Overall, nodes of the coperformance network represent individual composer and have two attributes: a size to represent how often they’re performed and color to represent the community they belong to within the coperformance network. Edges in the network represent the coperformance link between composers and get larger and darker as the connection gets stronger.
Writing the Code
The process of building the coperformance network can be broken down into three major steps: reading data from a formatted file, iterating over all pairs of composers in the data to calculate their coperformance, and visualizing the resulting network. Go is great at the first two steps, but it doesn’t have any packages for network visualization which can match the ease of use and functionality of R’s igraph and visNetwork packages. Moreover, Rstudio’s shiny package makes building a user interface and downloading the data easier than any Go packages I’ve come across. This makes the project a natural use case for my sexp package. All of these ingredients were combined to make the app for visualizing coperformance on my shiny server.
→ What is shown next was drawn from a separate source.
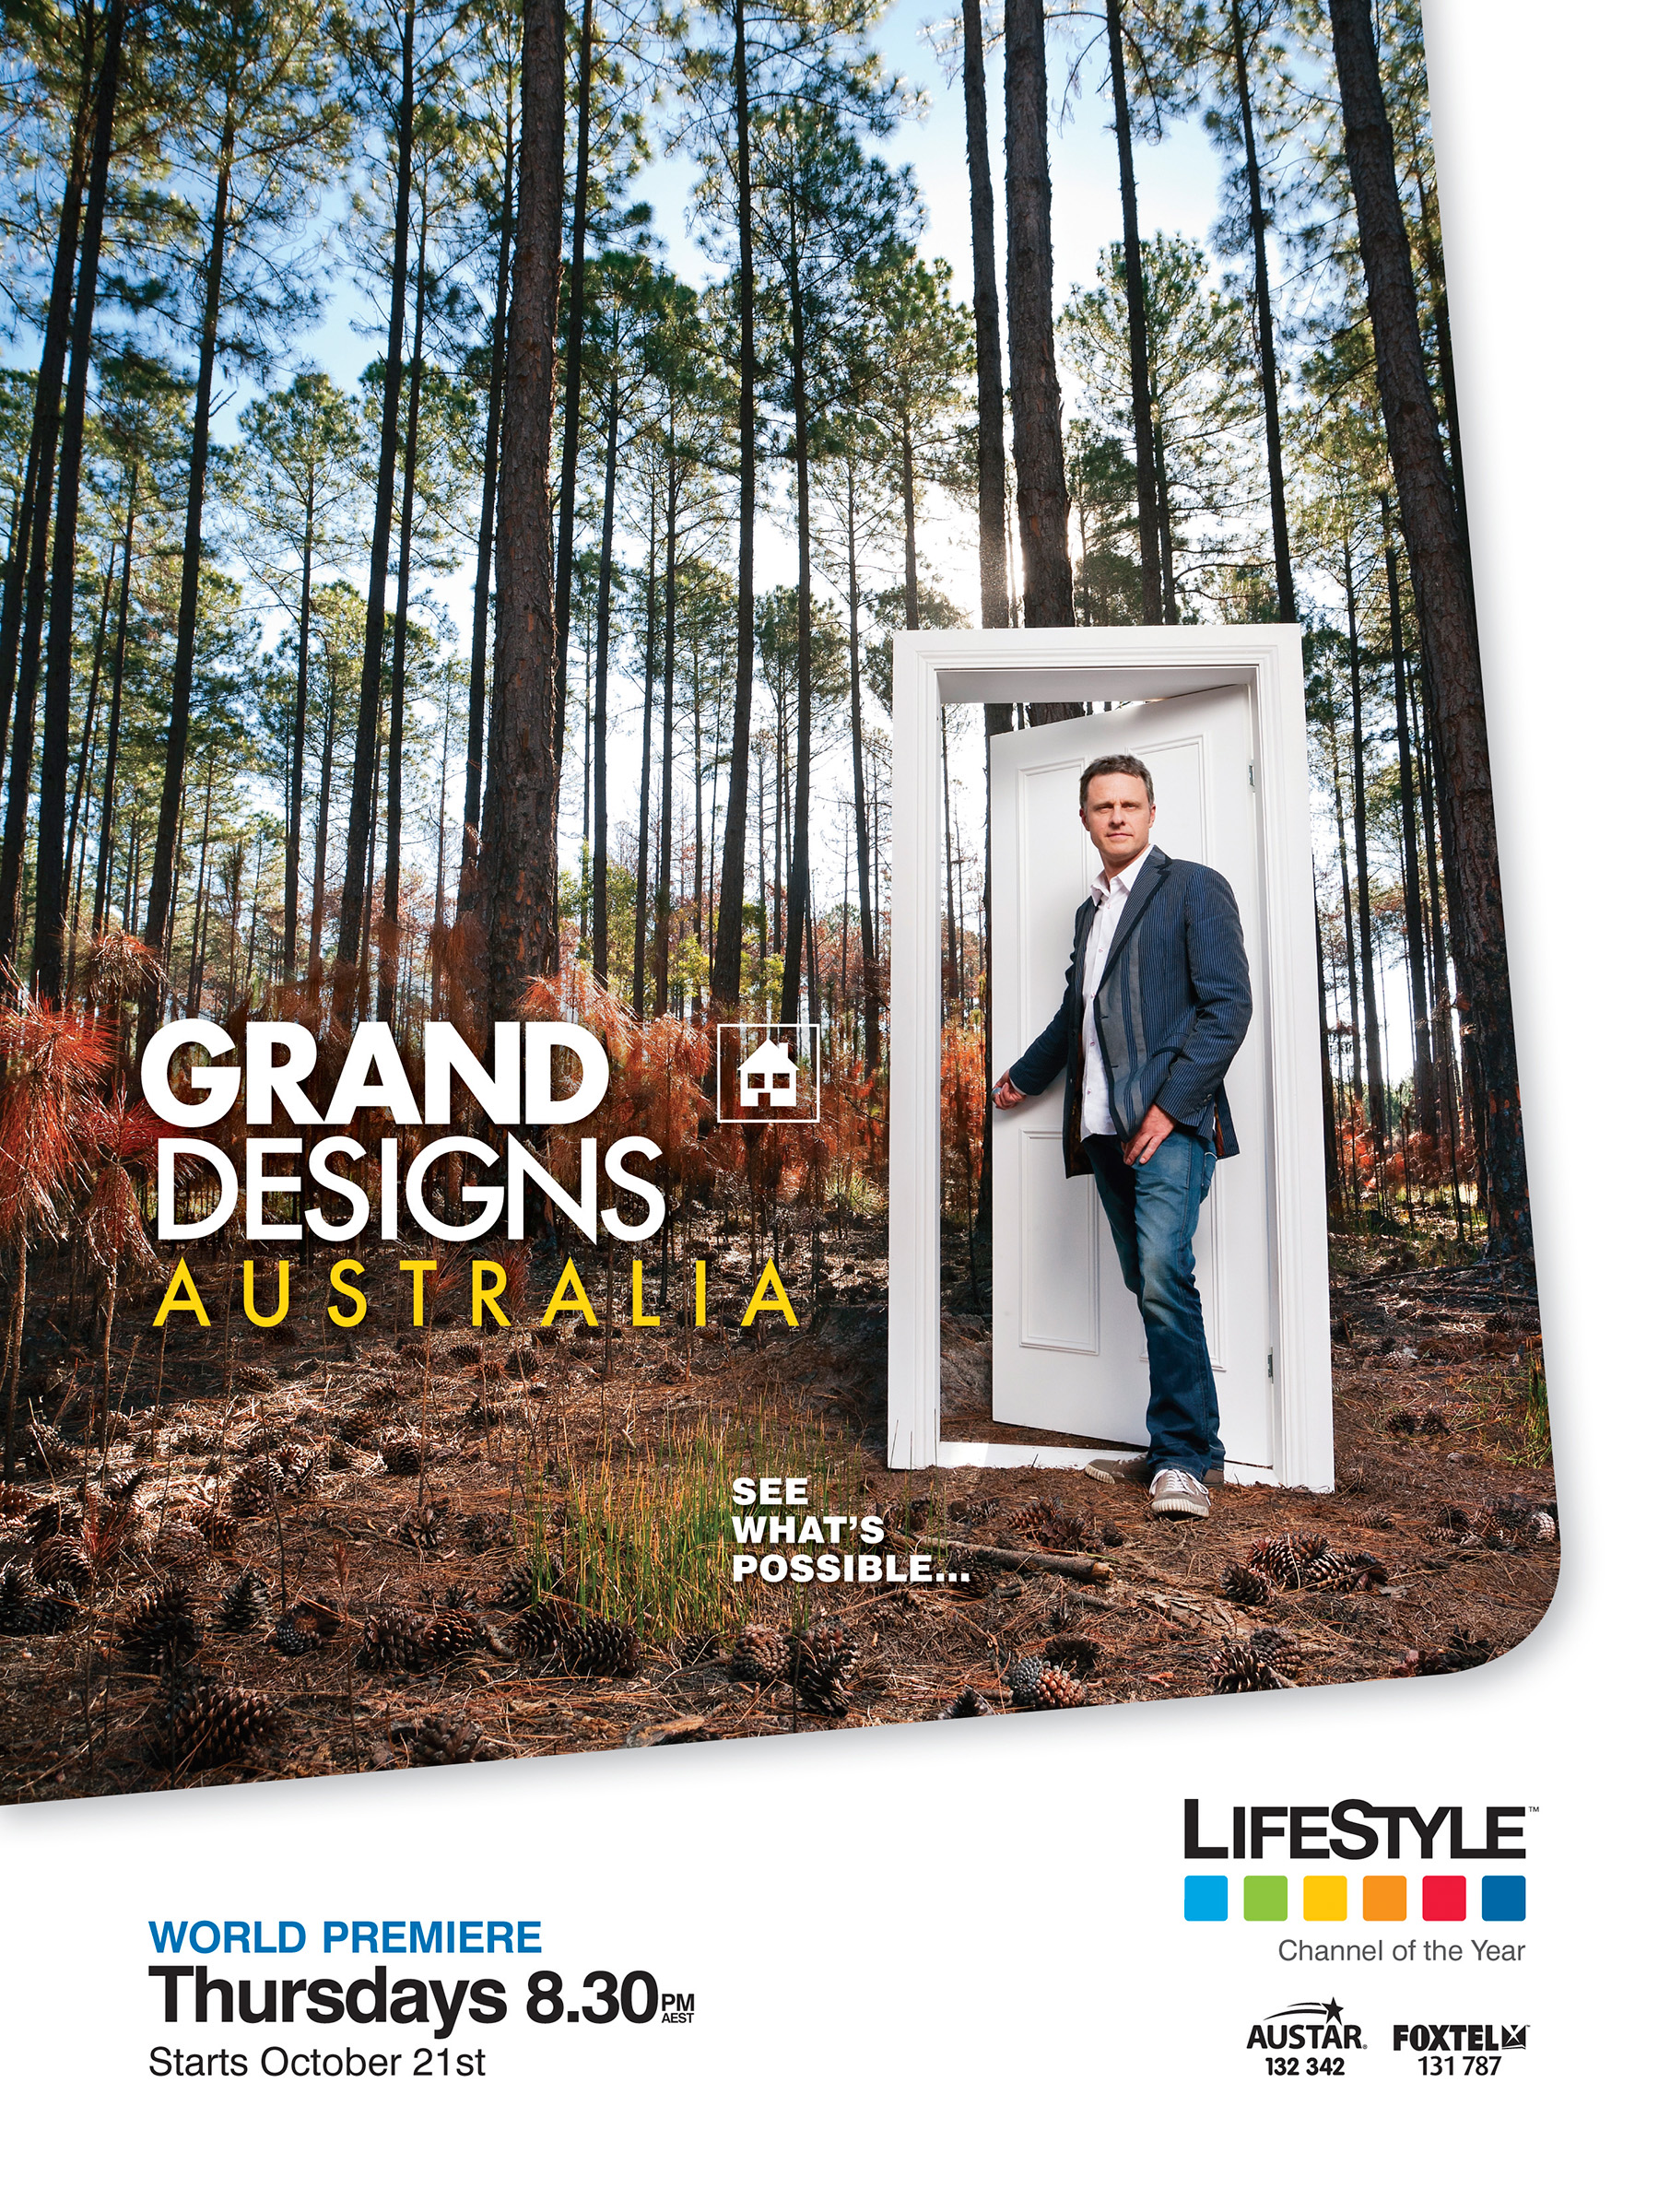 Advertising TV Series commercial photography Grand Designs Australia Peter Maddison opening white door standing in the forest

To use the app, the user first specifies the data range (beginning and ending season) and minimum number of performance a composer needs to have to be included in the network. These are passed with the name of the data file from R (and the shiny package) to Go using sexp. Go then reads the file, parses the data according to the user’s specifications, calculates the coperformance for all pairs of composers in the network, and writes the results to JSON and csv data files the user can download. It does all this about 100 times faster than I could manage in R. R then gets the data file names from Go (passed via sexp), computes the clusters in the network, and visualizes it. To see more specifics, check out my Github repository for the project.
While this project wouldn’t be nearly as clean without the sexp package as it already is, it does highlight a weakness in the sexp package. In my post introducing sexp to the world, I complained that connecting R and Go via files is too cumbersome. And yet, I still have to do this with the network csv file because sexp doesn’t support the passing of matrices or vectors of strings (which would be needed to specify the composer names in the network) between R and Go. Bridging this gap would make the sexp package far more flexible and is at the top of my list to implement.
There is also a marginal improvement to be made using statistics. The number of appearances we have two composers to have together at random isn’t, statistically speaking, a specific number (like 100 in the example above) but rather a range of numbers based on probability. The coperformance metric is probably more accurate if we compare the number of actual appearance together to the upper bound of the range at a level of significance that is deemed appropriate (probably 95%). In the example, I think this would be 101 rather than 100. This improvement is probably marginal, but as someone who thinks he has a good grasp of statistics and data analysis, implementing this change should be pretty low-hanging fruit for me.
Overall, this coperformance project was just a hobby project allowing me to combine my enjoyment of programming, data, and classical music thanks to the awesome New York Philharmonic repository. You can check out the code on Github and the app itself over on my shiny server. Enjoy!